The Reds turned a routine Saturday inning into a collapse that landed in the record book, issuing seven straight walks to the Pirates and tying a Major League Baseball record.
The damage came fast in the second inning, when four runs scored without a ball put in play. That detail tells the whole story: Cincinnati did not get beaten by hard contact or a string of lucky bounces. It simply could not throw strikes, and Pittsburgh cashed every free chance.
Seven straight walks did more than fuel a bad inning — they exposed how quickly a game can swing when a staff completely loses command.
Reports indicate the sequence matched an MLB mark for consecutive walks issued, a rare statistical collapse in a sport built on repetition and control. For the Pirates, the inning offered a reminder that pressure does not always come from power. Sometimes it comes from patience, from refusing to chase, and from letting an opponent unravel in plain sight.
Key Facts
- The Reds walked seven straight Pirates hitters, tying an MLB record.
- The streak happened in the second inning on Saturday.

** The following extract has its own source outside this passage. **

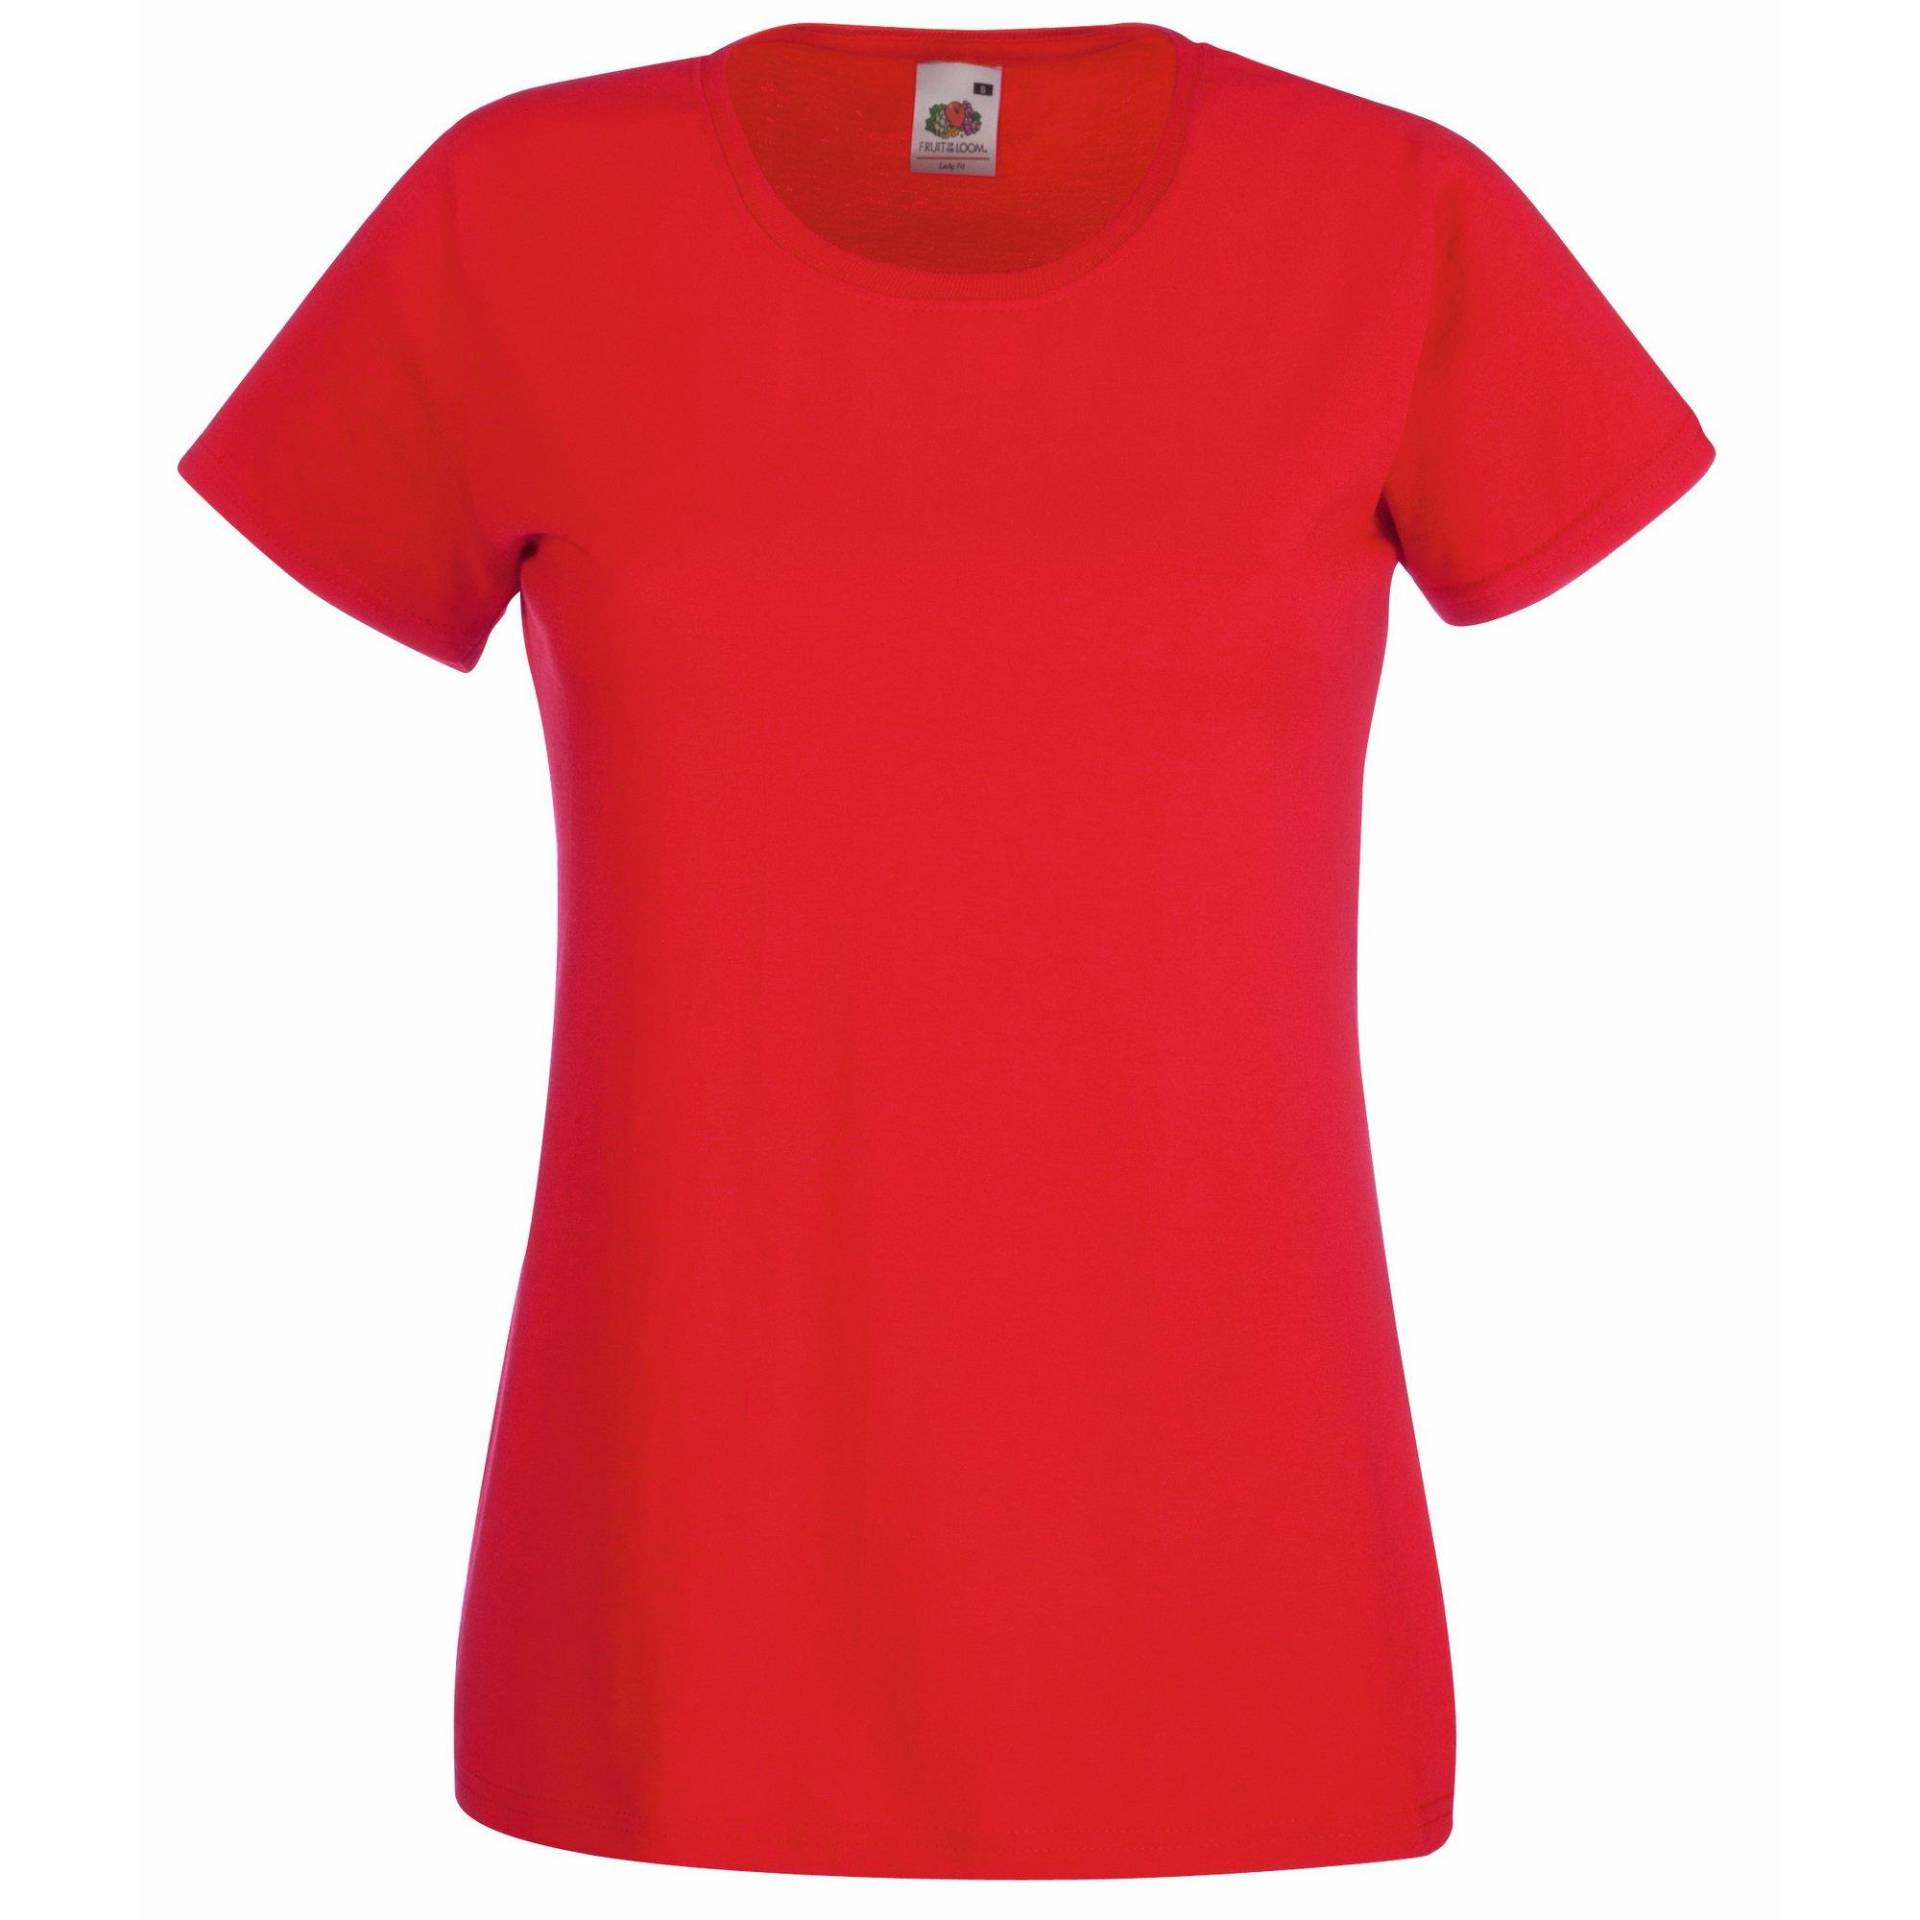 Ladyfit Tshirt (5 Stückpackung) Damen Rot Bunt XL von Fruit of the Loom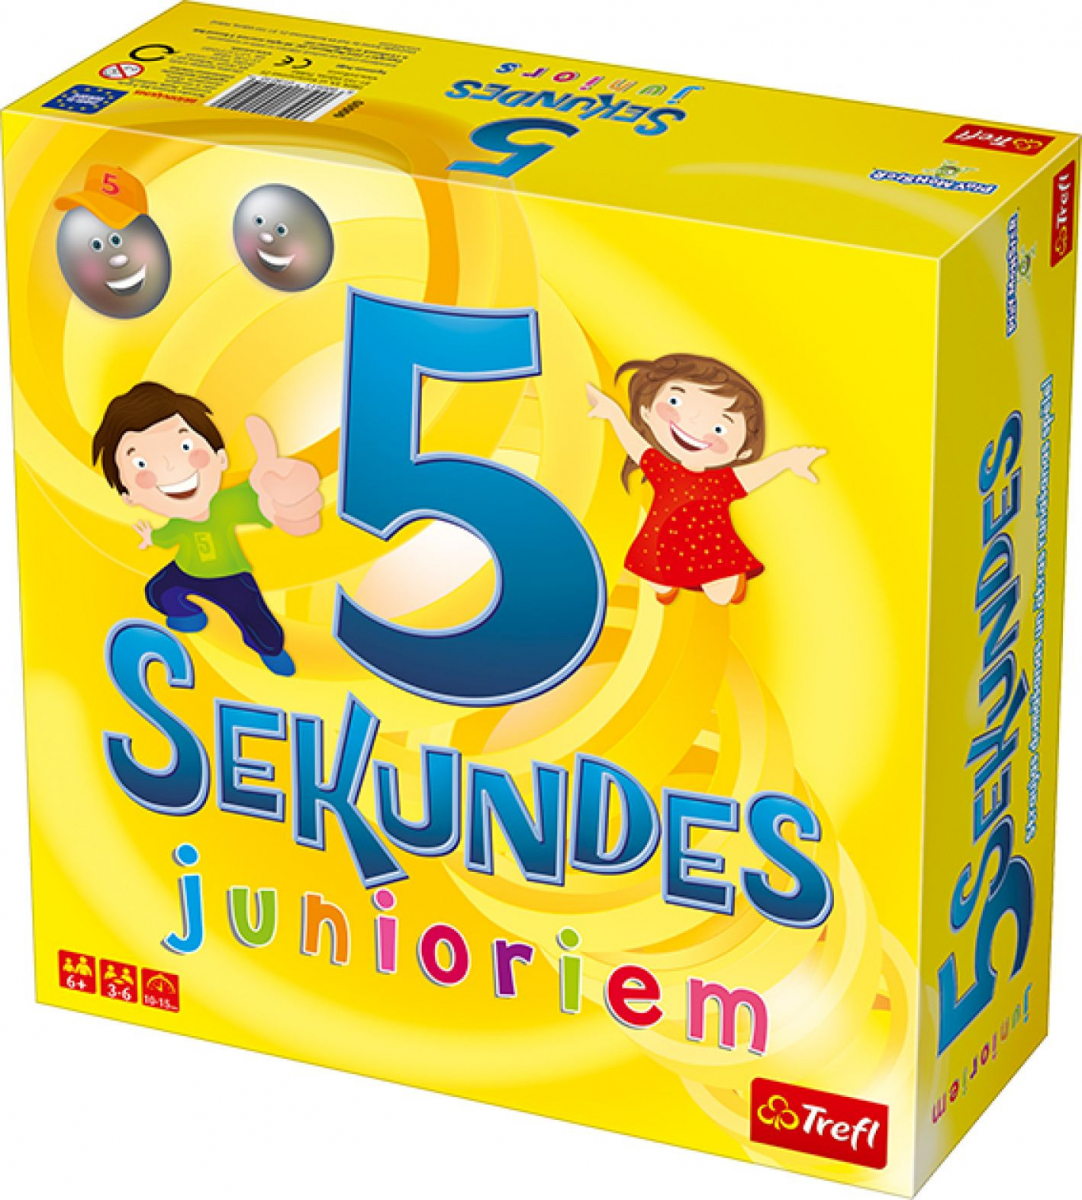 5 sekundes Junior

- Four Pirates runs scored without a ball being put in play.
- The sequence turned a control problem into immediate scoreboard damage.
For Cincinnati, the inning will raise blunt questions about command, composure, and how quickly a game plan can disappear. Walks already rank among the most frustrating mistakes in baseball because they hand over bases without forcing action. Seven in a row pushes that frustration into something larger: a warning sign that one bad stretch can overpower everything else a team hopes to do.
What comes next matters because stretches like this rarely stay isolated in the public conversation. Coaches and players will look for mechanical or mental fixes, while opponents will notice any hint of vulnerability around the strike zone. The Reds can treat Saturday as an ugly outlier, but only if they show soon that they can regain control before another inning slips away just as fast.